The stack height can be achieved with seven 3 mm friction plates or eight 2.5 mm friction plates. For example:

748, 916, 996 (From the Haynes Manual)
7 (thicker 3.0 mm) friction plates
1 convex plate


2.0 mm flat plate
2.0 mm flat plate
3.0 mm friction plate
1.5 mm convex plate (convex side facing outwards)
3.0 mm friction plate
2.0 mm flat plate
3.0 mm friction plate
2.0 mm flat plate
3.0 mm friction plate
2.0 mm flat plate
3.0 mm friction plate
2.0 mm flat plate
3.0 mm friction plate
2.0 mm flat plate
3.0 mm friction plate
2.0 mm flat plate
pressure plate (line up marks)
38.5 mm Total

916SP, 916SPS, 996S, 996SPS (OEM)
8 (thinner 2.5 mm) friction plates
2 convex plates


2.0 mm flat plate
1.5 mm convex plate (convex side facing outwards)
2.5 mm friction plate
1.5 mm flat plate
2.5 mm friction plate
2.0 mm flat plate
2.5 mm friction plate
2.0 mm flat plate
2.5 mm friction plate
2.0 mm flat plate
2.5 mm friction plate
2.0 mm flat plate
2.5 mm friction plate
2.0 mm flat plate
2.5 mm friction plate
1.5 mm flat plate
2.5 mm friction plate
1.5 mm convex plate (convex side facing inwards)
pressure plate (line up marks)
38 mm Total


If you prefer your clutch engagement to be an immediate "now", you can use one or more flat plates instead of curved spring plates in the stack.

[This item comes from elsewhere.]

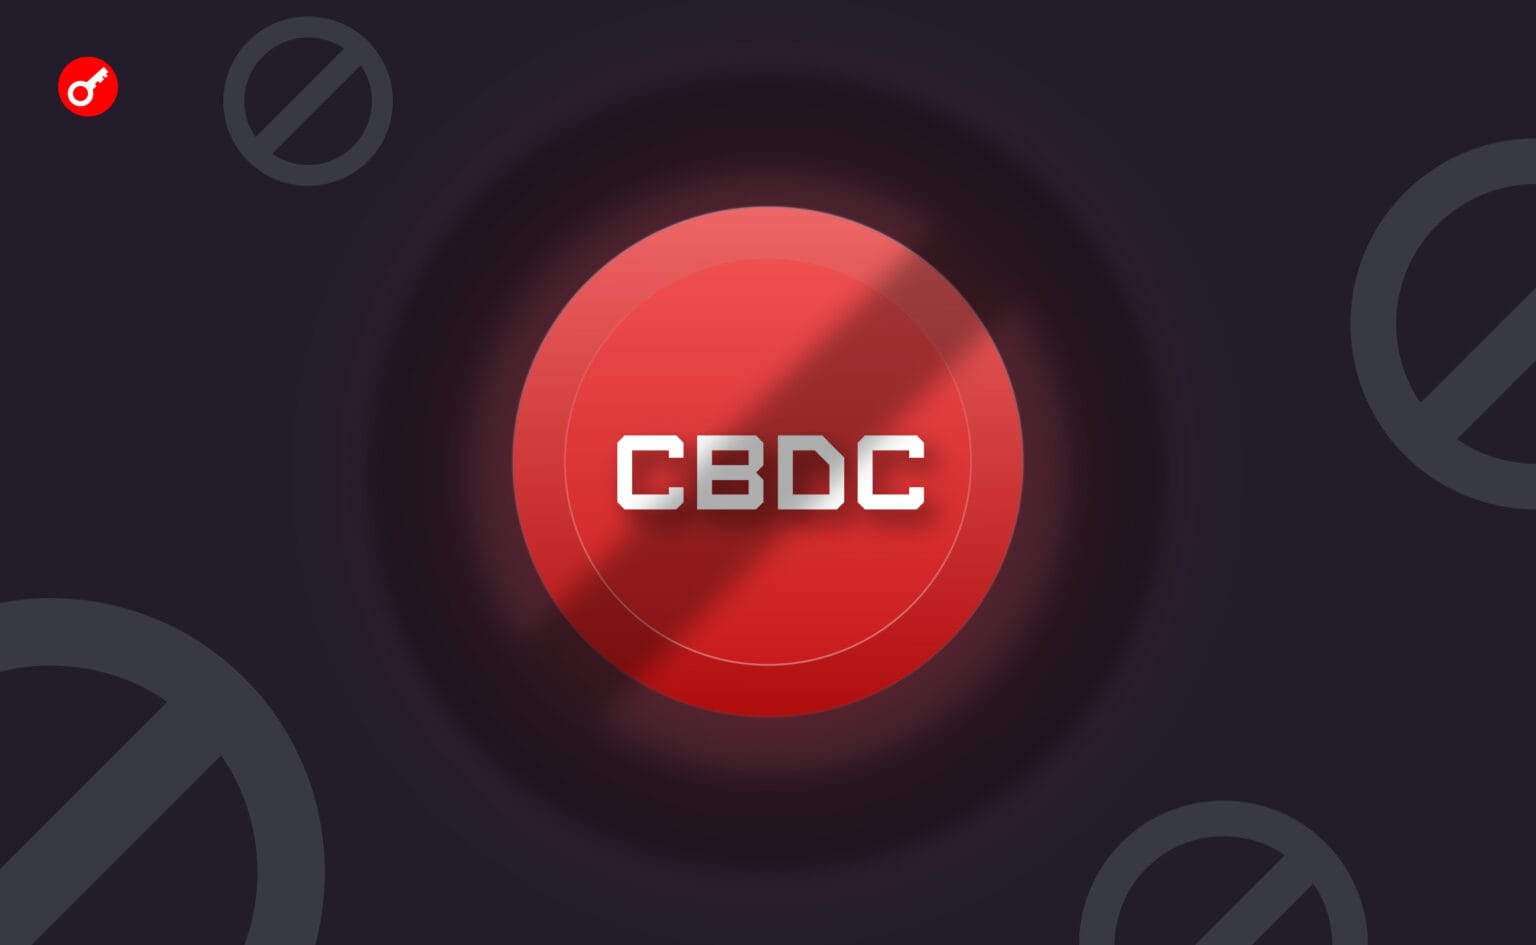 菲律宾中央银行已经排除了基于区块链的CBDC的创建

If you prefer a smoother clutch engagement with minimum "judder" upon launch, then use spring plates in the stack. If you check the recommended clutch stacking order for a number of Ducati models, the number, position and orientation of the spring plate doesn't appear to be consistent or even important.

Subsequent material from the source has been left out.